Я бросаю на него скептический взгляд.

— Ты хочешь показать мне свой член?

— Если это поможет убедить тебя, — он допивает последние капли своего виски и встает. — Давай, пошли.

Я смотрю ему вслед.

Он это серьезно? Он просто собирается его достать? Я озираюсь вокруг, чтобы удостовериться, что за мной никто не наблюдает, встаю и иду за ним в коридор возле туалетов. Почему, черт возьми, я потакаю ему? Это смешно.

Как только мы благополучно достигаем укромного уголка, Ной расстегивает ремень, ширинку и вынимает чертов пожарный шланг.

Святая Матерь Божья! В шоке я прикрываю рот рукой. Мне катастрофически не хватает воздуха.

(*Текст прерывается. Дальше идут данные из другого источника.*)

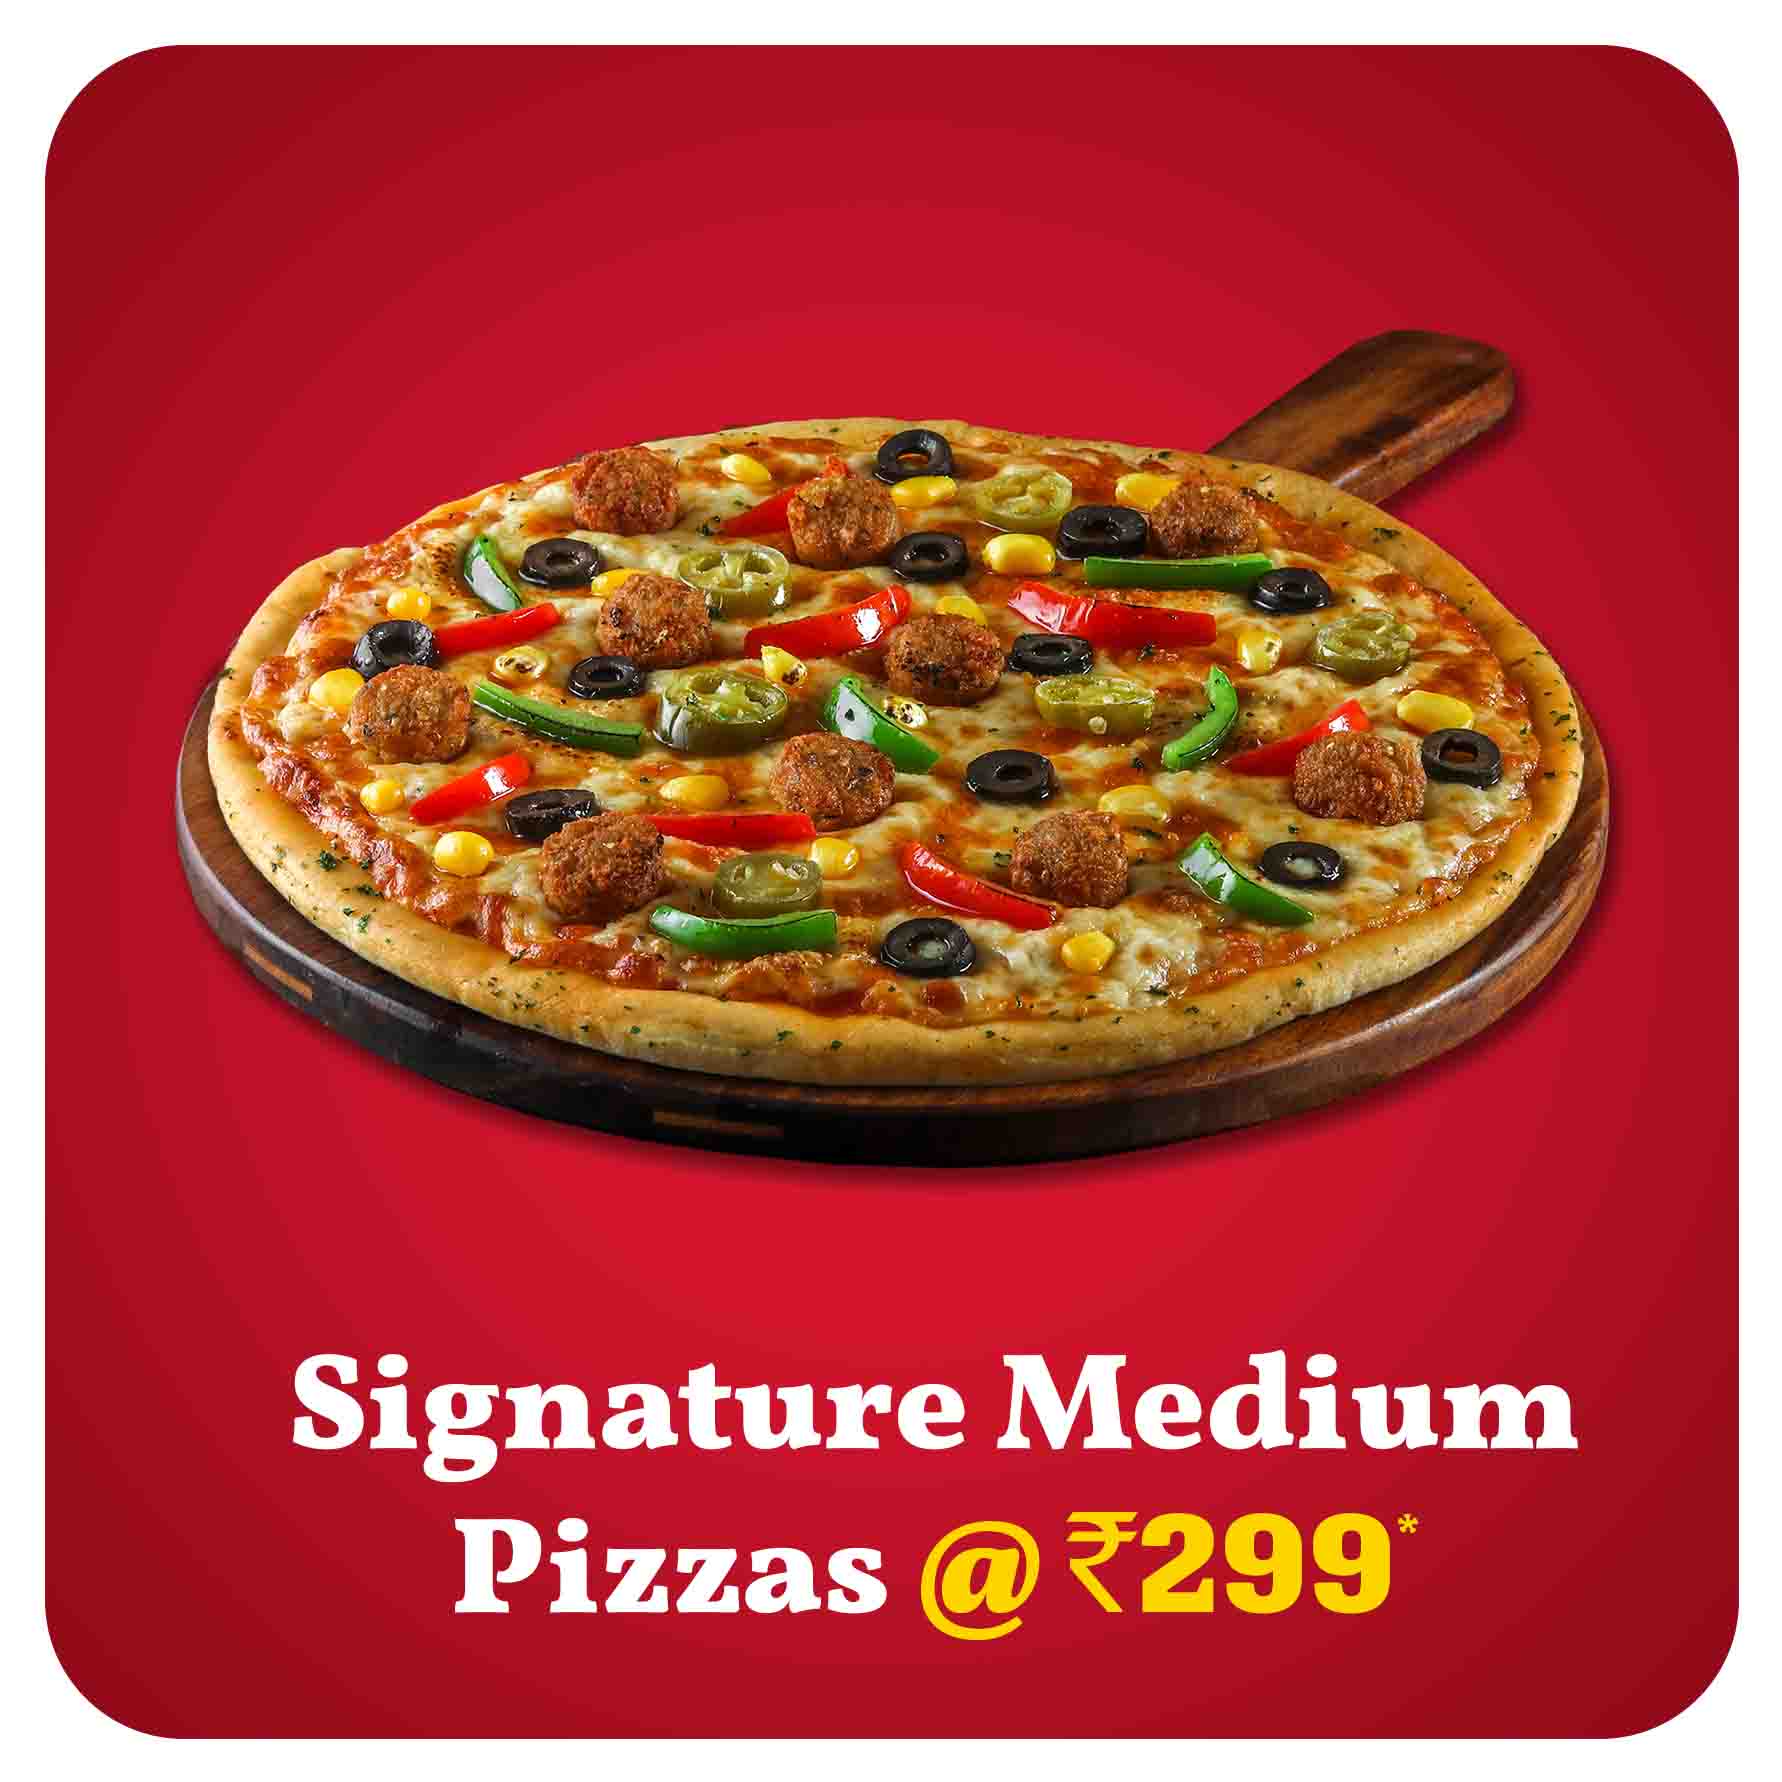 Order Signature Medium Pizzas at 299- Best Price near me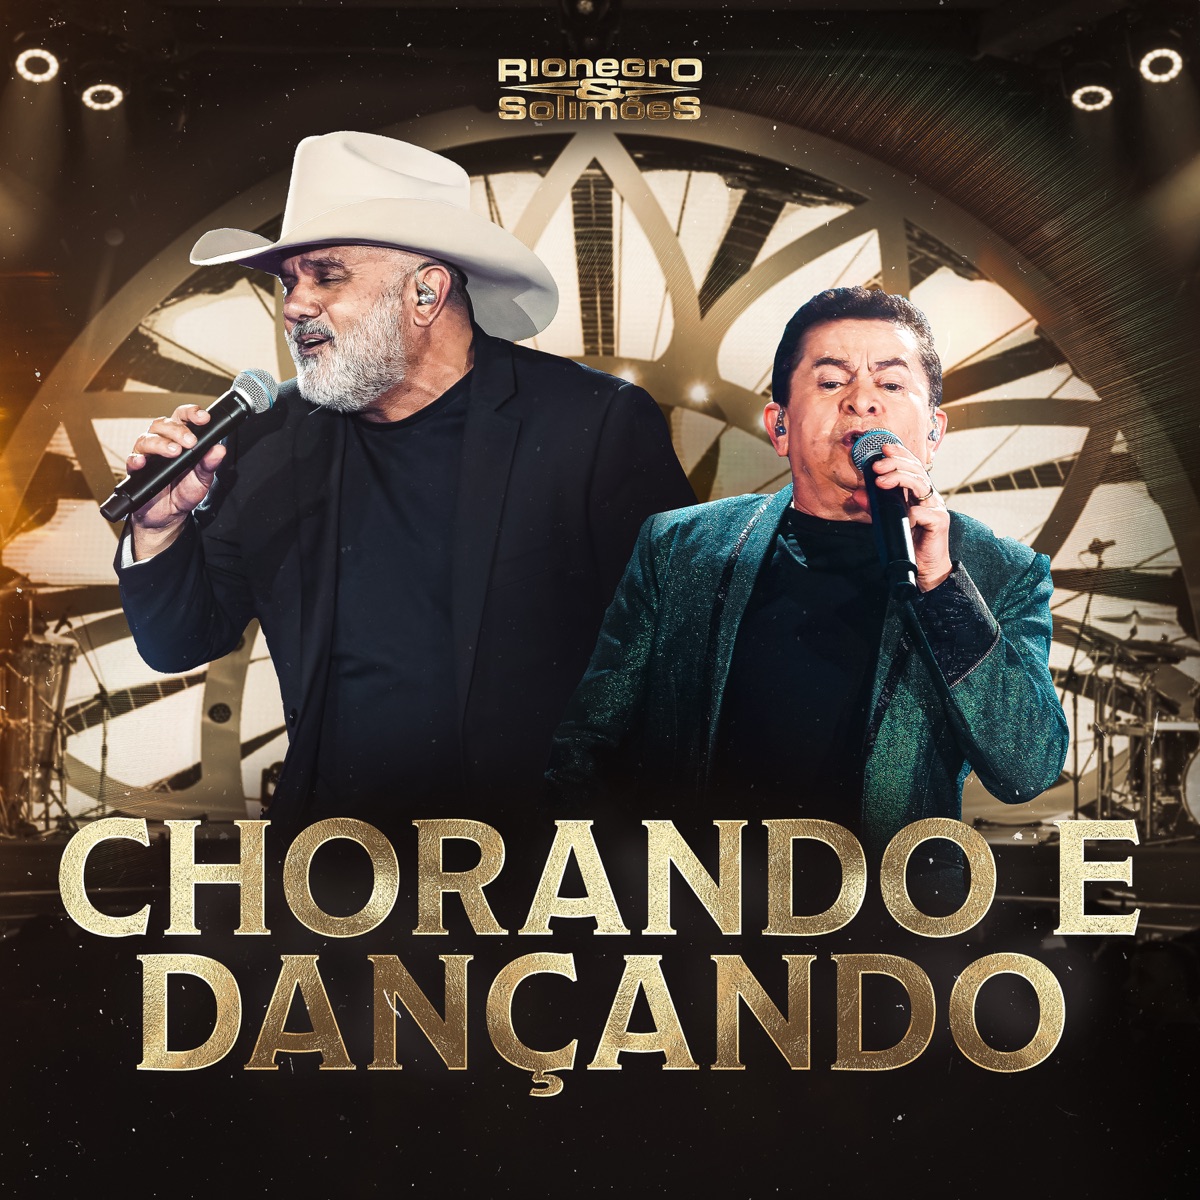 Peão Apaixonado — álbum de Rionegro & Solimões — Apple Music

Он был прав. Его член огромен… и он не в полной боевой готовности. Девять дюймов — довольно скромная оценка того, как это может выглядеть в эрегированном состоянии. Должно быть, самооценка мужчин падает всякий раз, как Ной входит в раздевалку. И я даже не хочу думать о том, что он вытворяет с женщинами…

— Хах! Я видела и больше, — я отхожу, стараясь сохранить самообладание.

Ной посмеивается.

— Я так не думаю, дорогая.

— Твой монстр не приблизится к моей матке. Нет, спасибо. Я предпочту держать свои органы невредимыми.

Улыбка Ноя становится шире.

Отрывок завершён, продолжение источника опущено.